- Born: Erwin Kalischer February 22, 1883 Berlin, German Empire
- Died: March 26, 1958 (aged 75) Berlin, West Germany
- Occupation: Actor
- Years active: 1920-1957
- Spouse: Irma von Cube (?-1958 (his death)

= Erwin Kalser =

German actor (1883–1958)

Erwin Kalser (22 February 1883 – 26 March 1958) was a German-Jewish stage and film actor, best remembered as the Geneva Convention inspector in Stalag 17. He did most of his work in American made films.

==Biography==
The son of a physicist, Erwin Kalser was born Erwin Kalischer in Berlin. He graduated from the University of Berlin with a Ph. D. in literature.

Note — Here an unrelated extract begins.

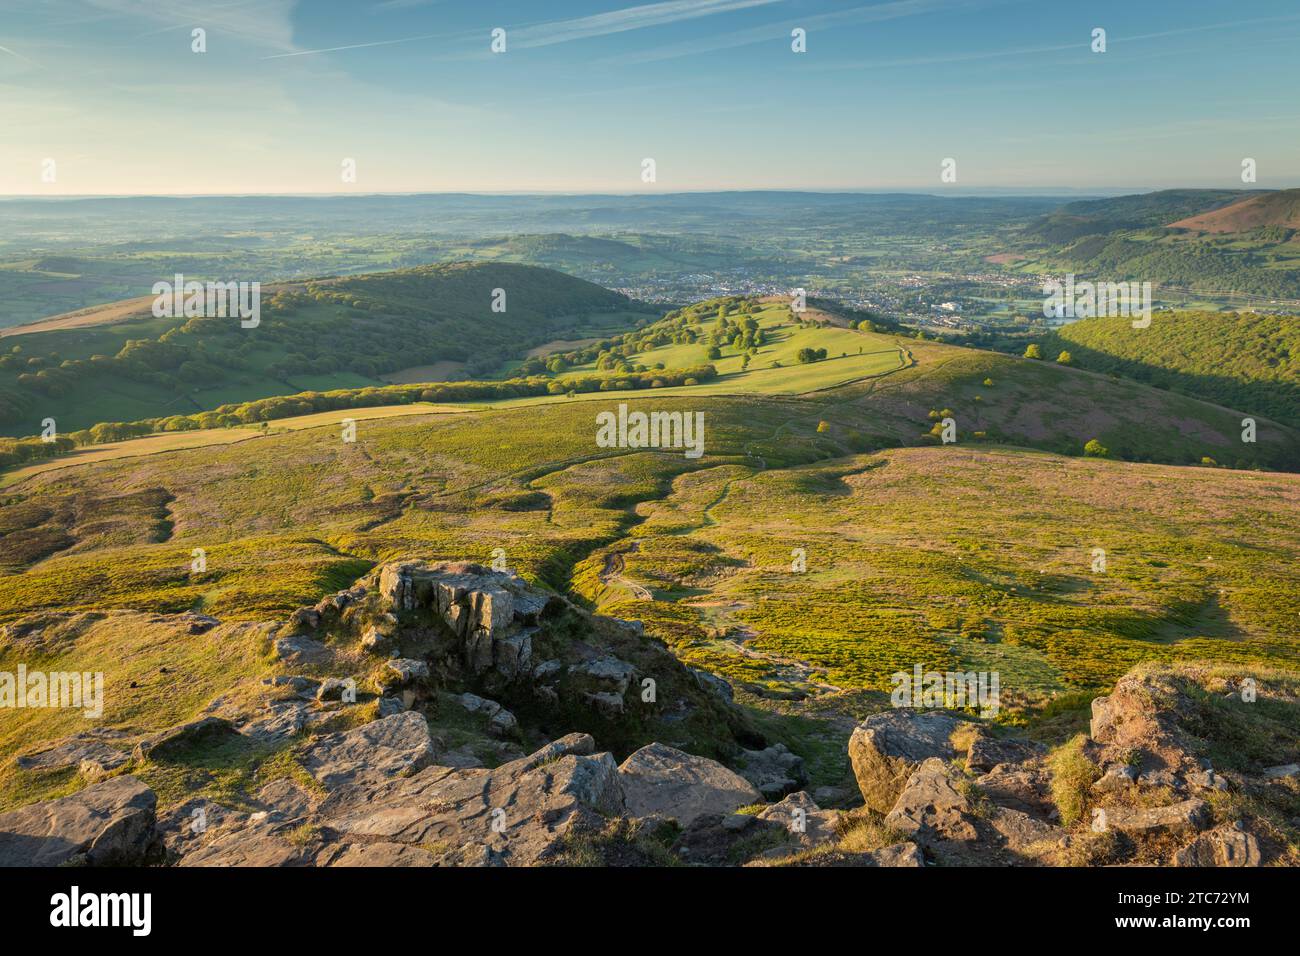 Vue depuis le sommet de la montagne du pain de sucre à Bannau Brycheiniog, anciennement connu sous le nom de Brecon Beacons, Abergavenny, Powys, pays de Galles, Royaume-Uni. Printemps (mai) Banque D'Images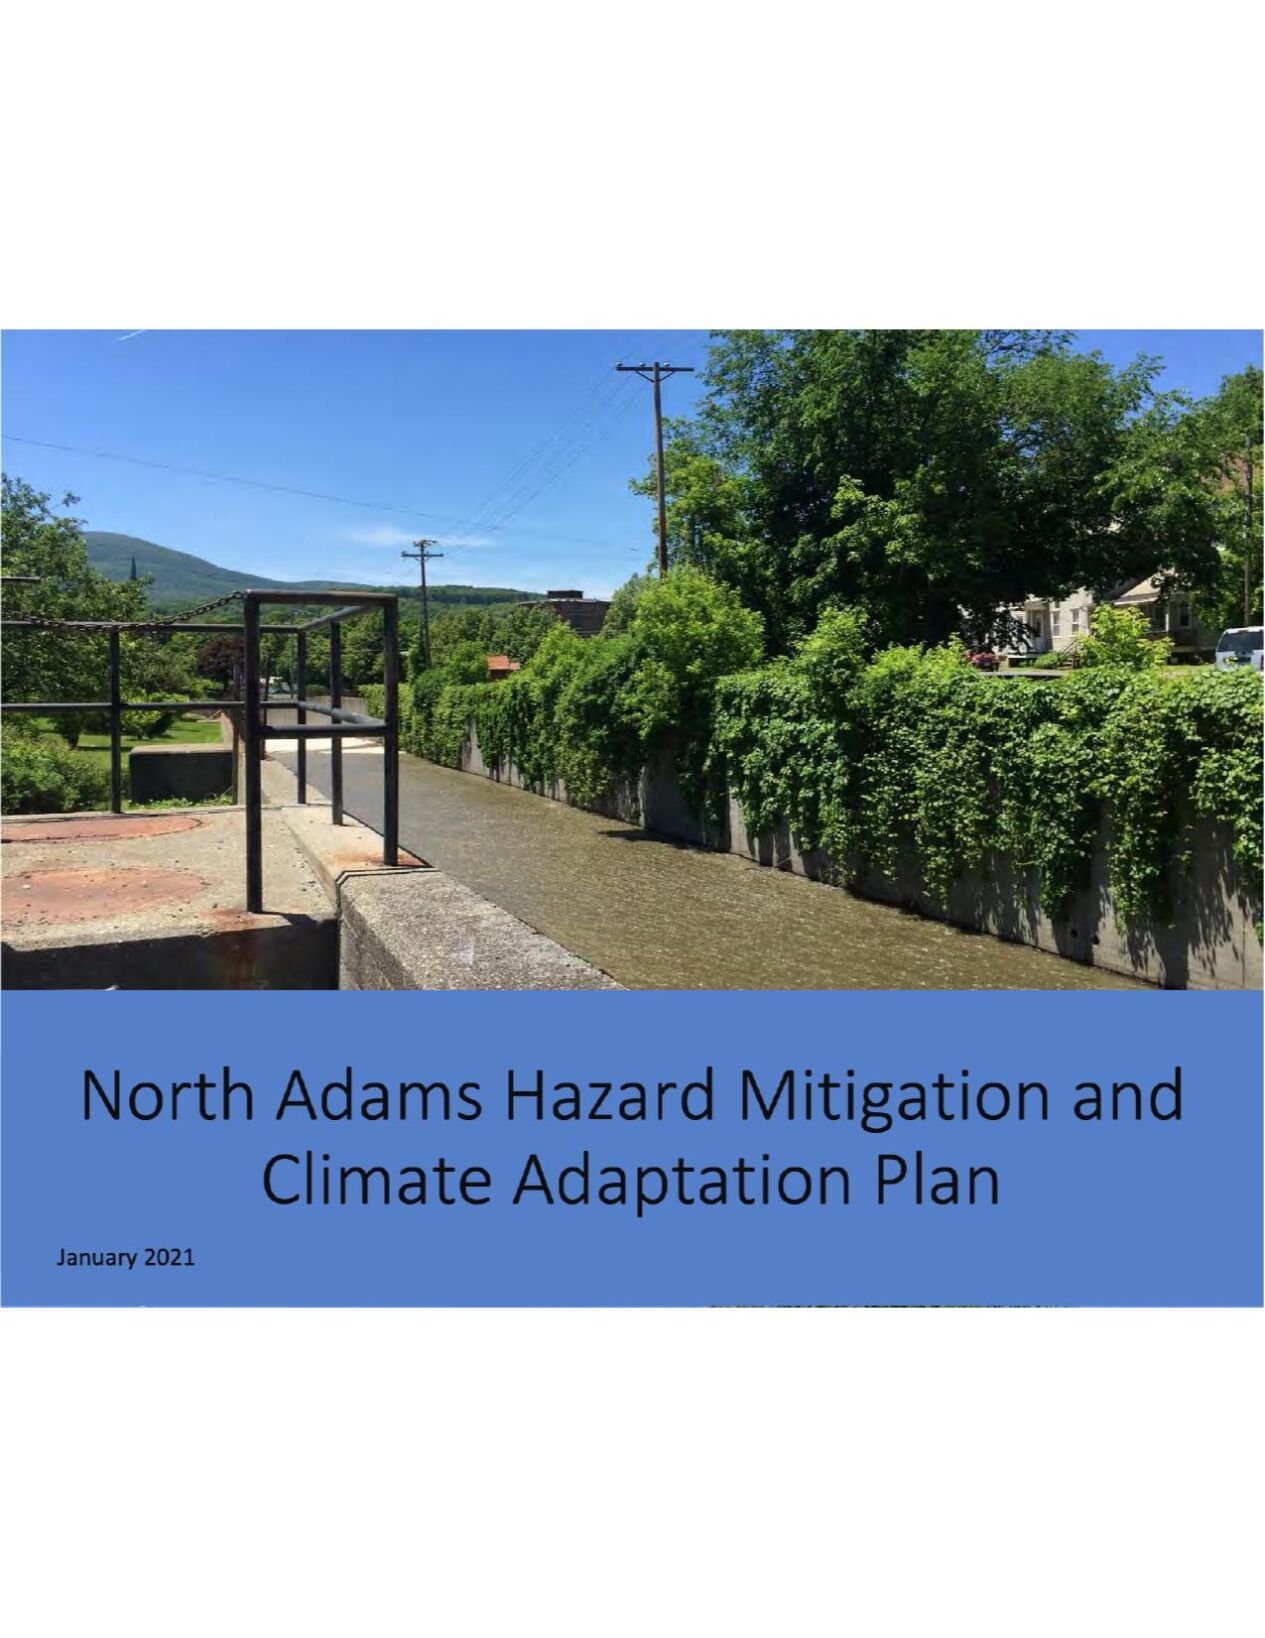 North Adams Hazard Mitigation and Climate Adaption Plan

Kalser launched his career in Munich shortly after the beginning of the century. In 1933, he moved to Switzerland to work in the theatre. He first went to the United States in 1937 and returned in 1940 where he became a citizen. He appeared on Broadway in Androcles and the Lion.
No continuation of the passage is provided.